"Better a fallen rocket than never a burst of light."
~ Tom Stoppard, The Invention of Love

Monday, May 23, 2022

Angels in America: Part Two – Perestroika (2017)

*A few spoilers from Part One.*

The second half of Angels in America. As with Part One, it’s a certified beast, over three-and-a-half hours long. Even as there’s plenty to like about this production, and the play itself, I still concede that it doesn’t fully click for me.

After receiving a vision from an Angel, Prior rejects any suggestion that he was just hallucinating due to his illness and wonders what to do about his prophecy, finding guidance in an unlikely source. Roy, who deeply compartmentalizes his work and politics from his sexuality, finds his health declining due to AIDS. Joe has left his wife and entered into an affair with Louis, but as complications arise between them, it’s uncertain whether they’re really able to be together.

In an odd way, Perestroika is both more grounded and more out-there than Millennium Approaches. Things get ugly—with characters’ experiences with HIV, with relationships, with God, and with themselves. Characters try to be better then regress, they find moments of clarity then get wracked by self-doubt, and they laugh in the face of death then cling desperately to this mortal coil. But in amongst a lot of intense reality is also some wildly-fantastical scenes of celestial visitors. Prior gets a glimpse of how small he is within the scope of the heavens, but at the same time, that gives his own tiny life even more value.

The ideas are complex, and while I was able to sink down into some of them, others eluded me. Not sure if it’s just me/my attention span (there honestly aren’t a ton of things that can keep me engaged for over three-and-a-half hours,) or if the production itself is leaving me a little cold.

The cast is the same from Part One. In this half, I’m still especially drawn in by Russell Tovey as Joe, who’s forced to reckon with what he’s made of in serious ways. Susan Brown’s ensemble role is also a standout here. Among others, she plays Joe’s mom Hannah and an apparition who shares a history with Roy, and both roles go to interesting places in Perestroika.
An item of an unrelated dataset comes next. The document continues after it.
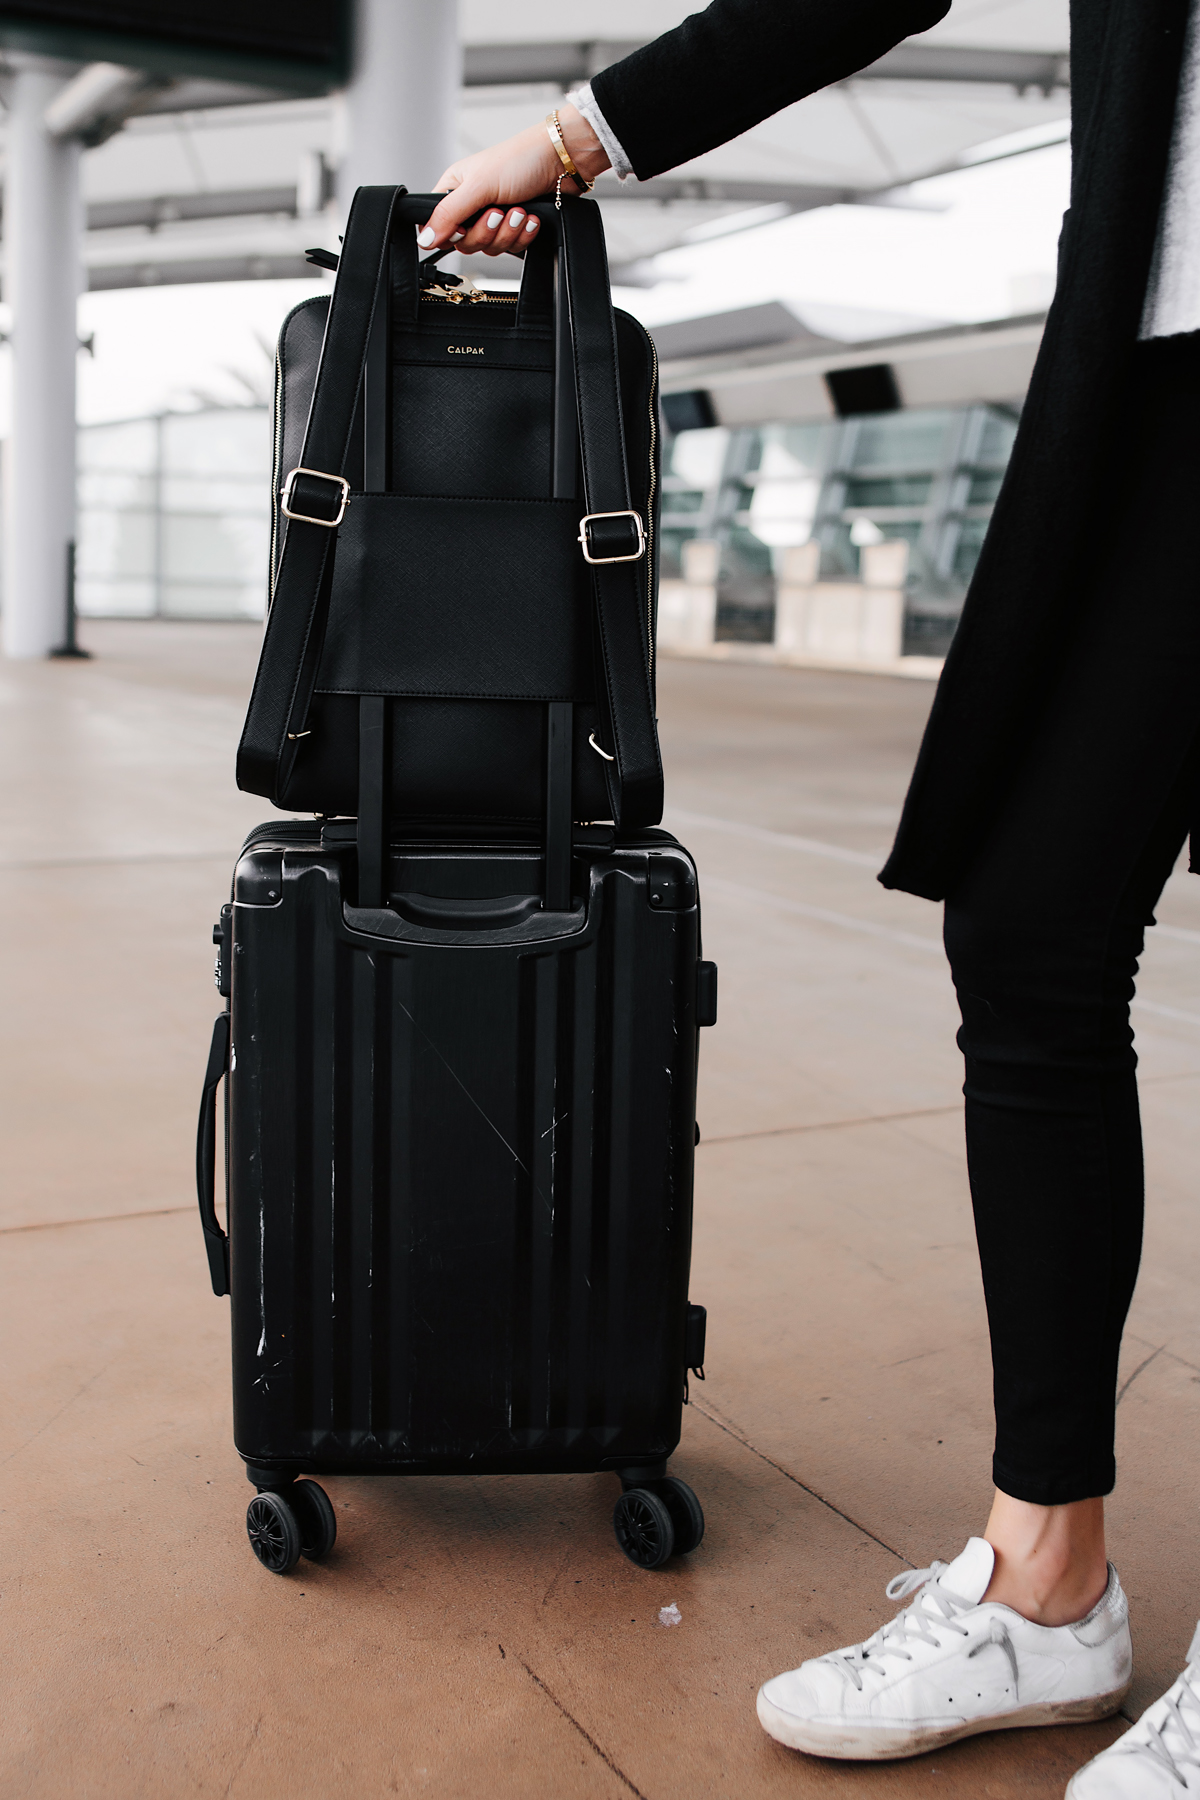 Calpak Kaya Black Backpack Calpak Black Luggage Airport Style

Andrew Garfield continues to not quite work for me as Prior, which is a bummer. I do like him better here than in Millennium Approaches, so that’s a positive. There are more instances here where I feel like his performance is coming from an honest place. But there are still plenty of scenes where I can “see the strings,” so to speak, where I can feel the “Andrew Garfield Plays Gay Leading Role!” headlines writing themselves in the air. It keeps me from being able to settle into his performance and fully relate to Prior as a person, which obviously hampers the proceedings.

Warnings

Strong thematic elements, sexual content, language (including homophobic slurs,) drinking, and disturbing imagery.